Going to the movies here is cheap; admission is only $6.50 for adults and a buck for each kid.
“We try to keep our prices very low because I come from a family of seven, I have four children,” Bratt said. “I know what it’s like to entertain a large family. So we try and keep it affordable for everyone to enjoy. A tub of popcorn is $6.50 for a huge plastic tub. A big basket of curly fries, which is a the whole basket, is $4.75, which will feed a family of four.”
Finally, around 8:45 p.m. in mid-summer, the sun will set low enough to fire up the projector.
“Then we’ll play the national anthem and then we’ll go into a Looney Tunes cartoon,” Bratt said. “We play a different one every week because I remember seeing all those cartoons when I went to the movies as a kid. And then it goes into the movie.”

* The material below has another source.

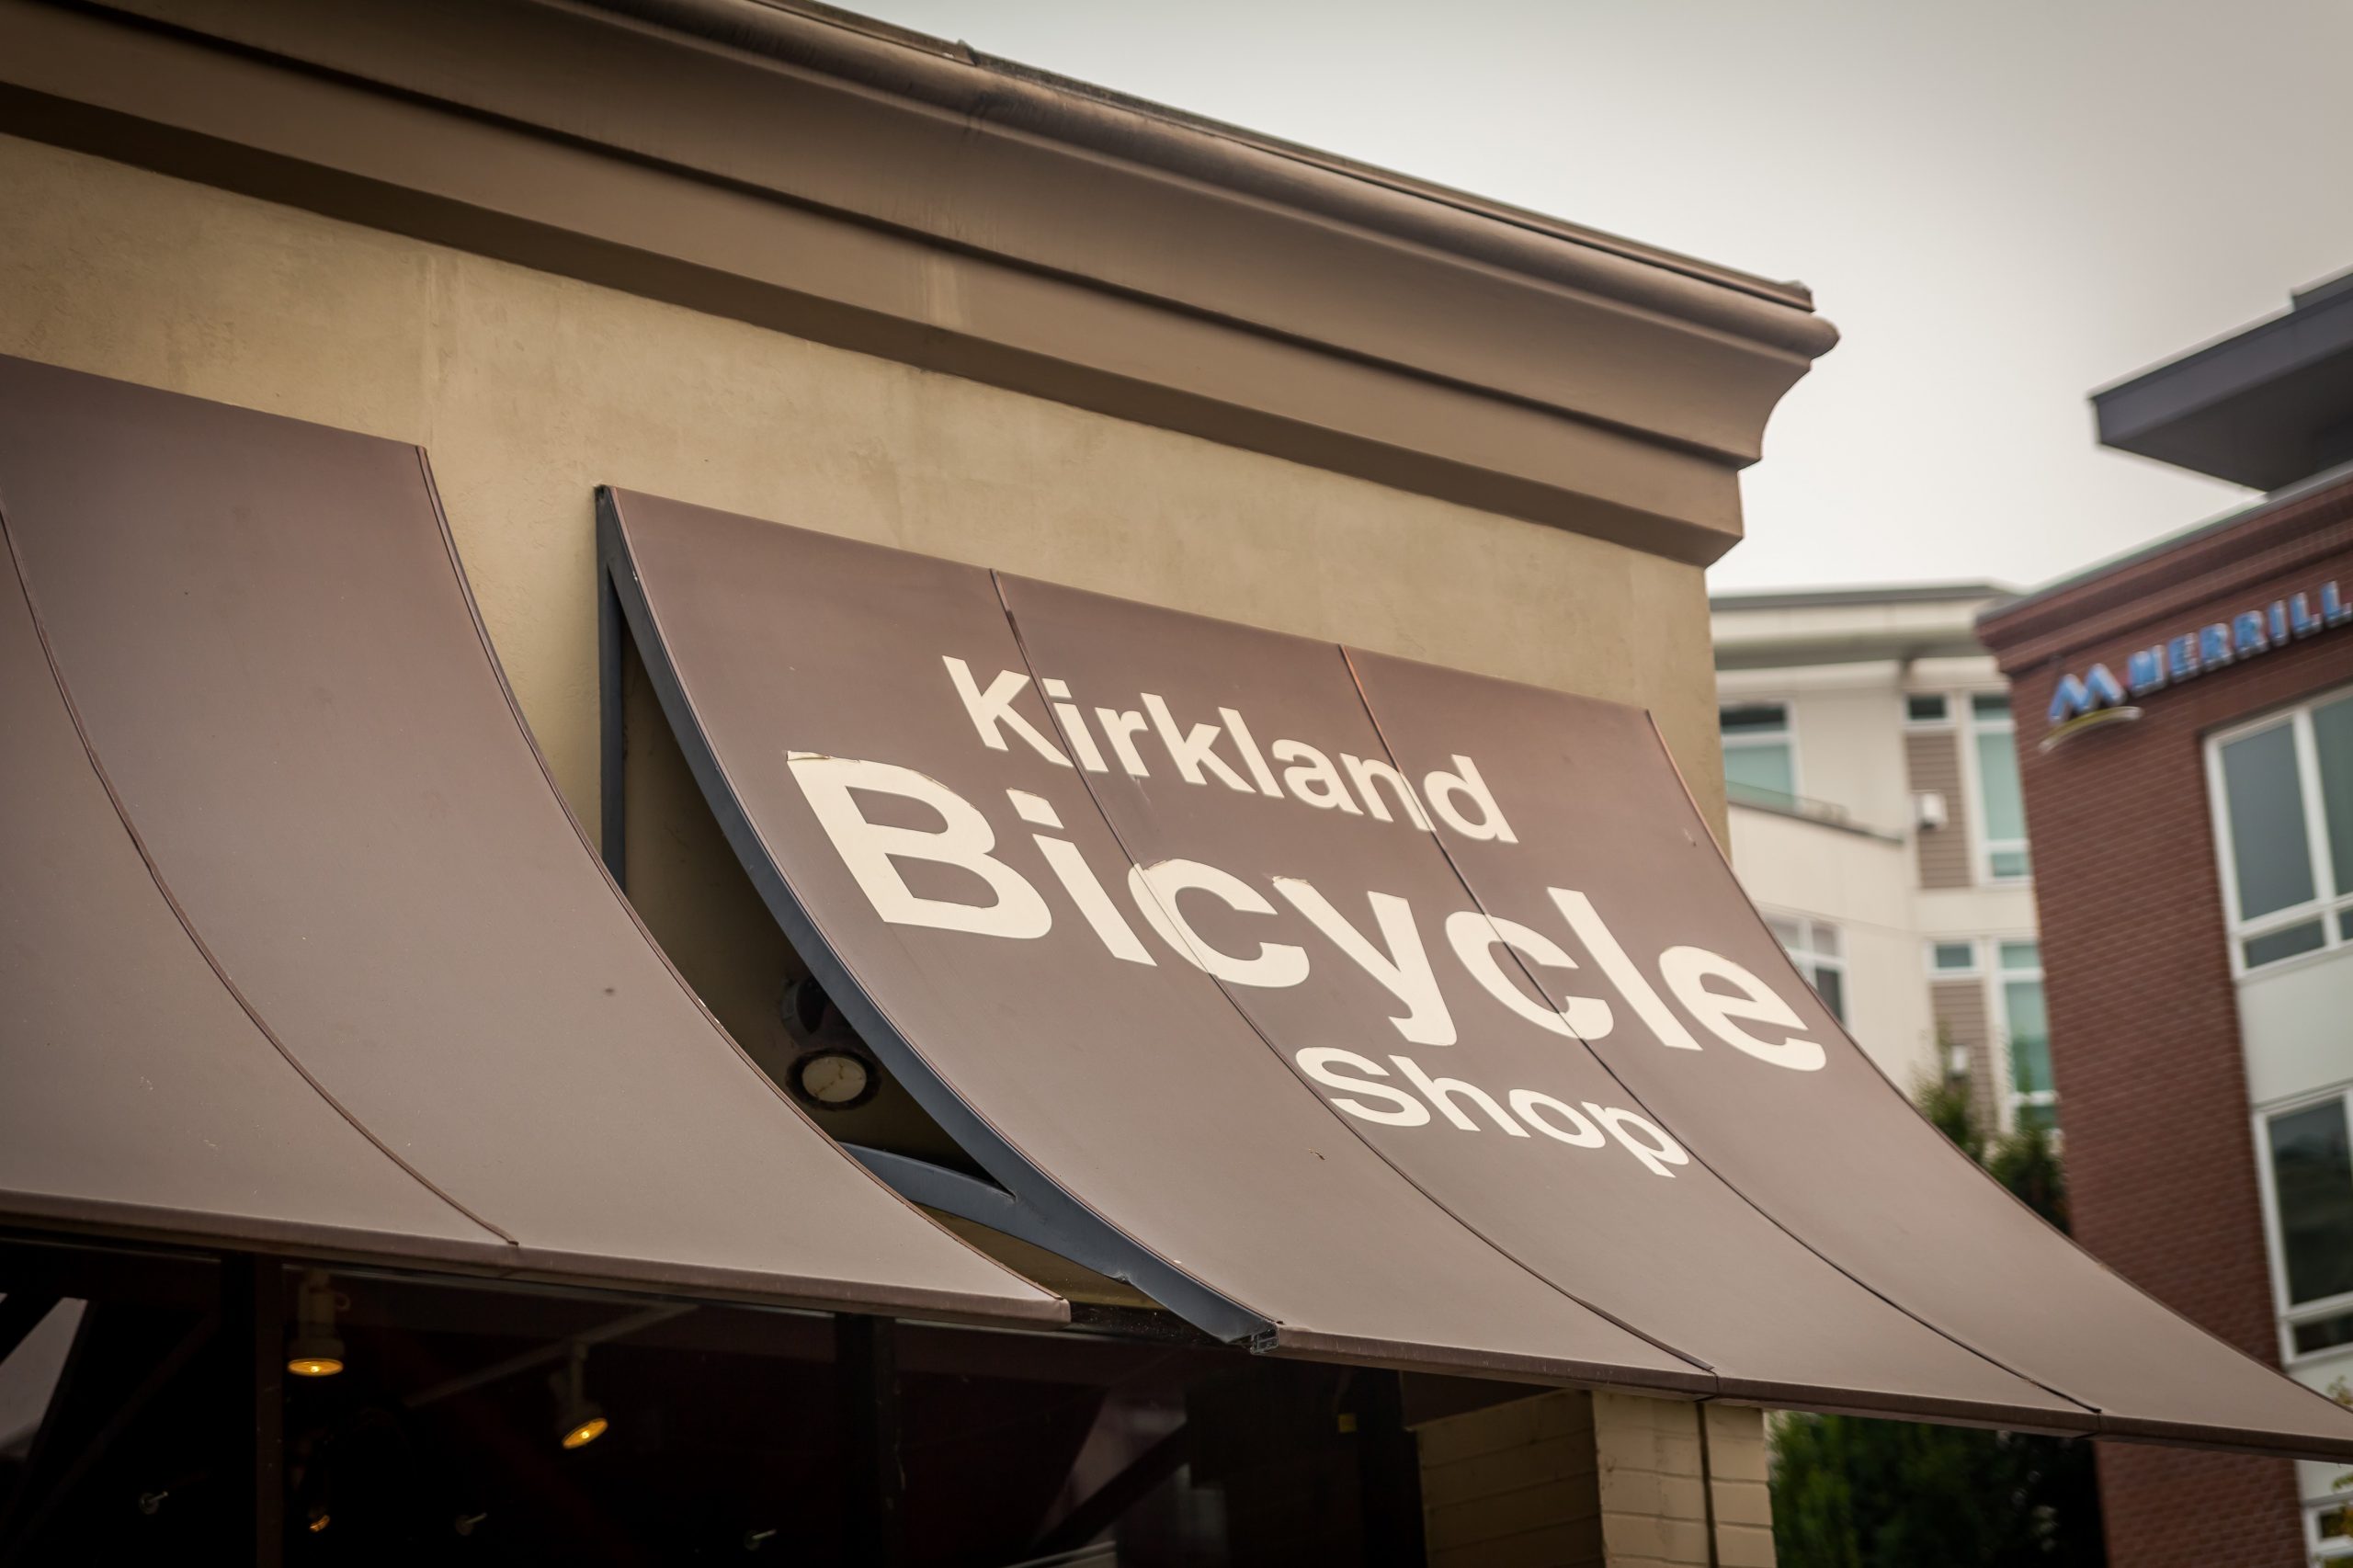 KIRKLAND BICYCLE SHOP

Around 2011, all theaters in the nation were told they needed to switch to a digital system by 2013. Film companies were no longer making movies on film, so it was digital or bust. Blue Fox spent a year and a half raising $90,000 by selling t-shirts and sweatshirts from its adjacent screen printing shop.
“I think after that, business really started to thrive for us because of the awareness to the drive-ins that were out there struggling to survive, to make the conversion. On a national scale, not just local.”
Bratt’s kids literally grew up at the drive-in, their home is on the same lot, and three out of four of them still work there. Kelsey Bratt married one of his sons.
“I also feel like I married the drive-in,” she said. “We’re here 90 percent of our lives and it’s really fun to watch everybody.”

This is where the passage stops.